Der Außerstreitrichter hat auch die Entscheidung über die Genehmigung der Aufkündigung eines Minderheitseigentümers nach Ermessen danach zu fällen, ob die von der Mehrheit beschlossene (oder vorgesehene) Maßnahme offenbar vorteilhaft ist, zB wenn nach Räumung bessere Verwendungsaussichten für das Objekt bestehen und die Miteigentumsgemeinschaft dadurch höhere Mieteinnahmen erwarten kann. Zu einer aussichtslosen Kündigung eines Miteigentümers hat der Außerstreitrichter keine Ermächtigung zu erteilen; in diesem Fall kann eine Aufkündigung nicht vorteilhaft sein, weil dann eben die Maßnahme nicht nur nicht erfolgreich ist, sondern auch noch zur Belastung mit Prozesskosten führt.
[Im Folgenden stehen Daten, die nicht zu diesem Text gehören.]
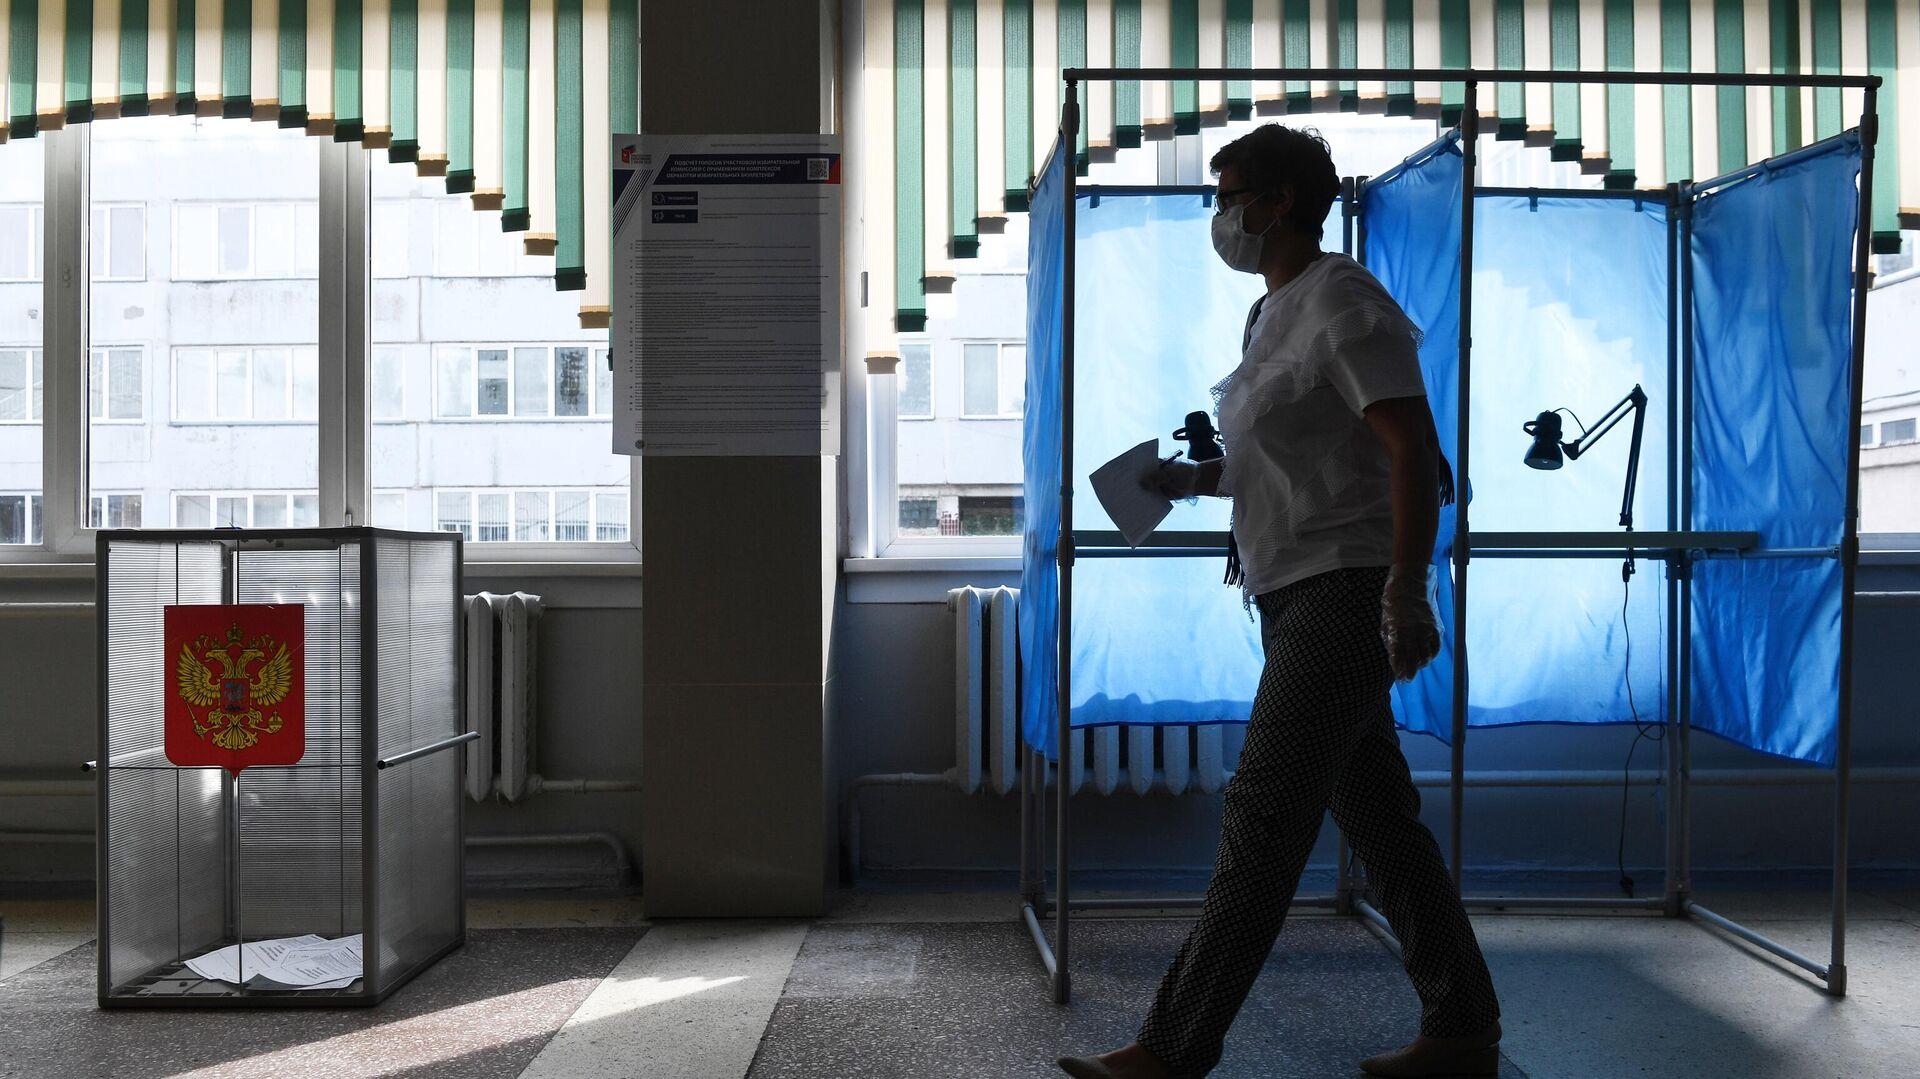 Женщина принимает участие в голосовании по внесению поправок в Конституцию РФ на избирательном участке №1503 в Новосибирске - РИА Новости, 1920, 08.02.2021

Die bloße Möglichkeit der Erfolglosigkeit der Aufkündigung rechtfertigt allerdings die Versagung der Genehmigung nicht. Die Genehmigungsfähigkeit wichtiger Änderungen stellt stets auf die Umstände des Einzelfalls ab. Die voraussichtlich erfolgreiche Kündigung eines Miteigentümers muss offenkundig vorteilhaft für die Gesamtheit der Miteigentümerschaft sein, weil die erfolgreiche Aufkündigung eines Mietvertrags mit einem weder säumigen noch sonst vertragswidrig agierenden Miteigentümer nicht gleichsam automatisch mit einem Vorteil für die Miteigentumsgemeinschaft gleichgesetzt werden kann.

Wird keine neuerliche Verwertung, also eine Vermietung an Dritte zu einem höheren Bestandzins angestrebt, sondern will man vielmehr von Mietrechte freie Wohnungen im Miteigentumsobjekt erreichen, dann führt dies zweifelsfrei unmittelbar dazu, dass die Miteigentümer keinen Mietzins einnehmen und die auf die Objekte entfallenden Betriebskosten tragen müssen. Dies führt daher - auch bei niedrigem Mietzins - grundsätzlich zu einem Nachteil der Miteigentumsgemeinschaft.